В гетманской канцелярии распоряжался есаул Михайло Лученко. Державцев принял радушно. После долгой дороги отсыпались на мягких перинах в доме гетманского есаула.
Котелкин неделю бы так лежал. Но Жаденову не лежалось. Государев наказ: быть скорее в таборе гетмана.
И снова, выполняя указ государев, тряслись в повозке, каждый думая о своем. Чем ближе к Волыни, тем больше поражало запустение в селах и городах. Где ни остановишься – одни бабы да девки. Старики держали себя гордо... Но когда узнавали, что за люди, откуда и куда едут, языки развязывались.
В воскресный день проезжали село Байгород. У церкви остановились.
Протиснулись в середину. Котелкин пал на колени, самозабвенно бил поклоны.
Жаденов, стоя, неспешно крестился. Старенький поп пошел между народом.
– Из каких краев, православные? – спросил, остановясь перед Котелкиным.
Тот поцеловал руку попу.
– Из Московского великого царства, батюшка.
Жаденова досада брала. Снова теперь придется потерять время. Так и вышло.

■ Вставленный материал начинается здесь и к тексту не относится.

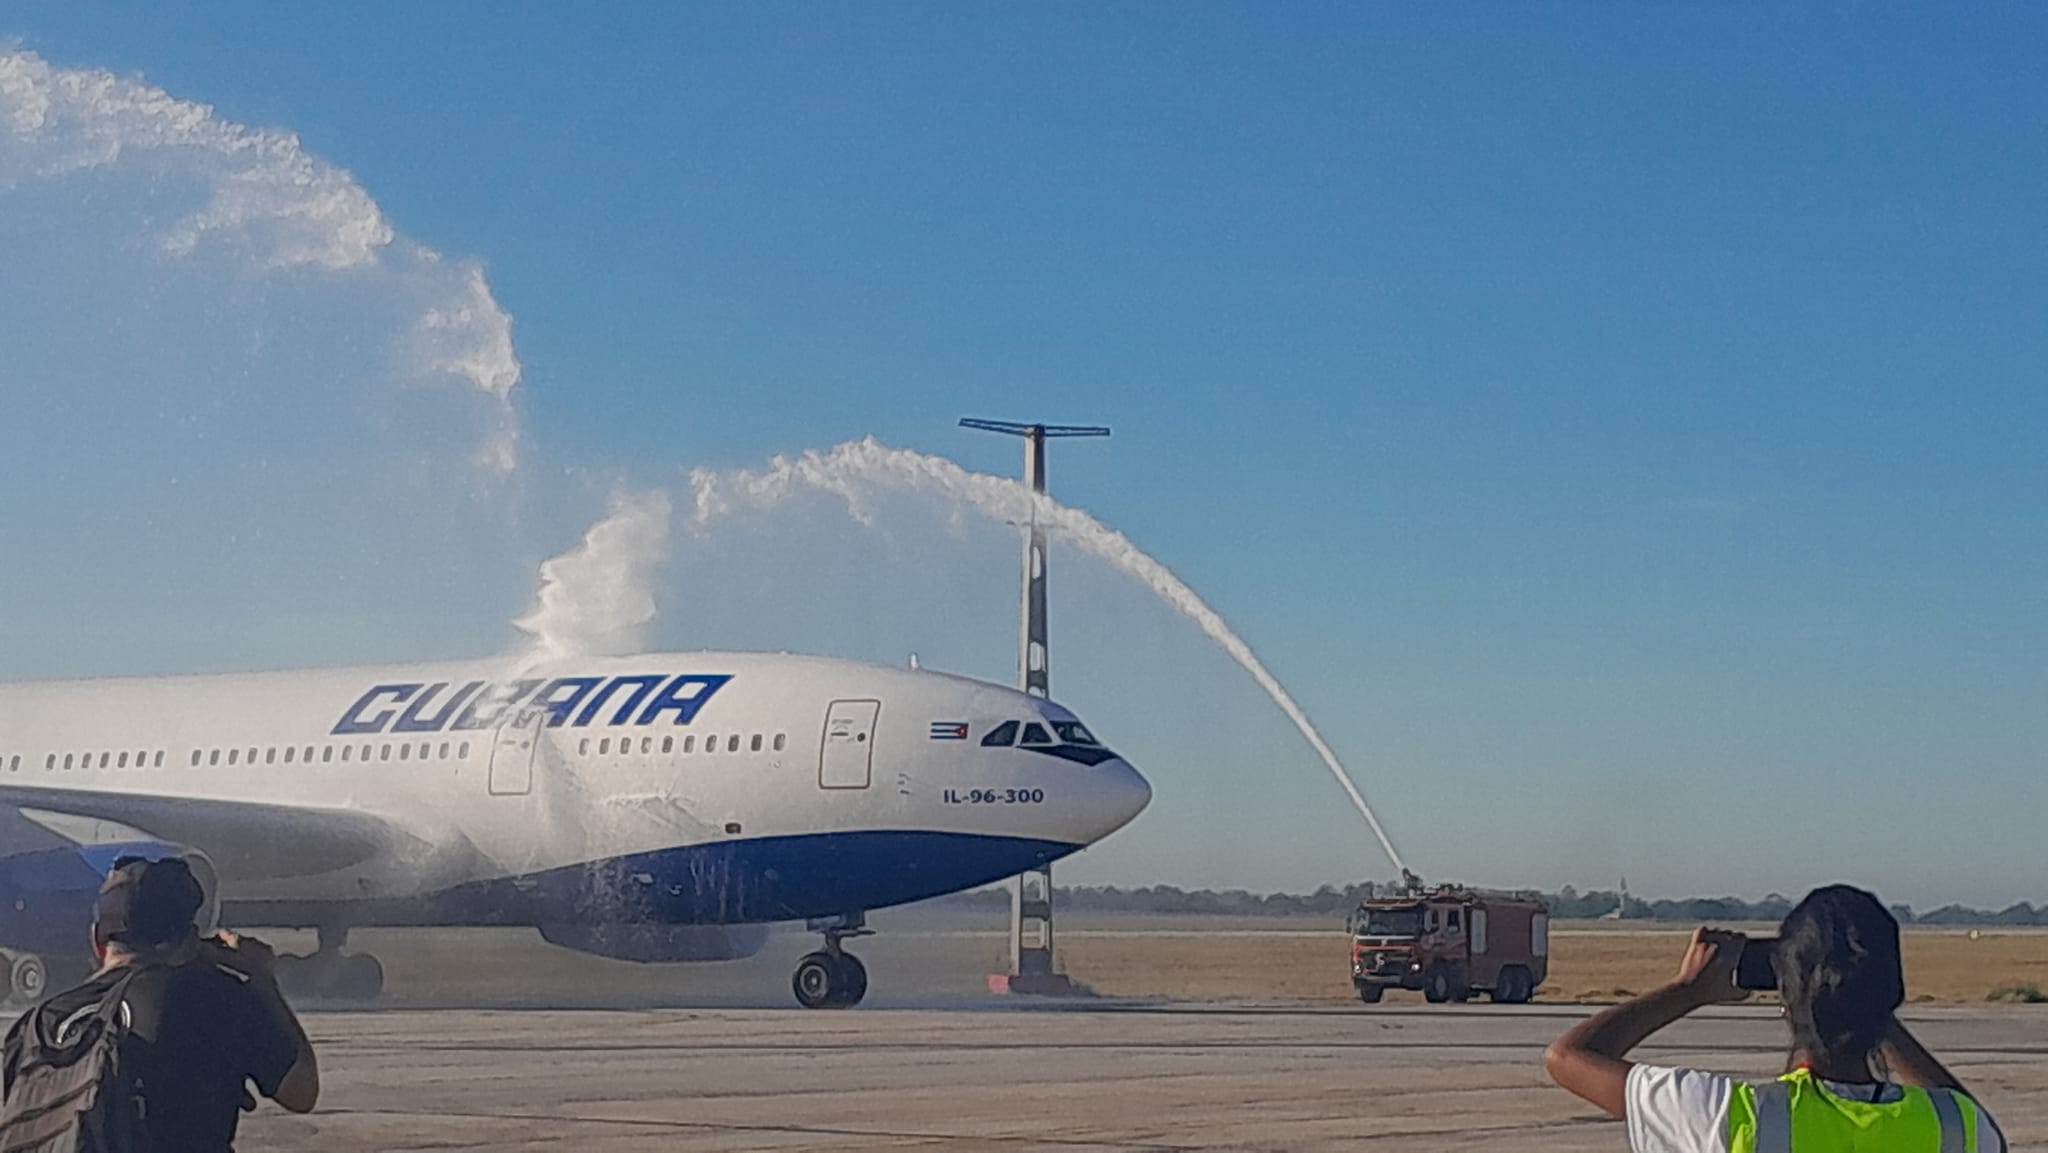 Cuba recibe avión IL96300 reparado en Rusia para ampliar su flota aérea

После службы вышли на майдан перед церковью. Старенький дед, подтягивая штаны, то и дело сползавшие, ударял себя правой рукой в грудь:
– Я – дед Лытка. На Москве не слыхали про меня? – Не дождавшись ответа, посочувствовал московским людям:
– А жаль, что не слыхали! Едете куда, православные?
Жаденов сказал. Вокруг загомонили. Дед восторженно пояснял:
– Бачите, – людей нема, одни бабы остались. И я над ними гетман наказный, а еще есть казак Терновый Максим, да из него вояка нехватский, потому – на одной ноге; когда паны ляхи утекать будут, так на одной ноге догонять неспособно...
Дед Лытка толковал бы еще битый час, если бы не появился, хромая на деревяжке, Максим Терновый и не вмешался в разговор:
– Может, где под Збаражем сына моего побачите, зовут Мартын, так скажите: «Батько говорит – нехай жизни за волю не щадит», а гетману от нас поклон передайте, пусть за нас держится, а мы за него. А будет беда и шляхты не осилим, то так и знайте – все пойдем до вас, в московскую землю...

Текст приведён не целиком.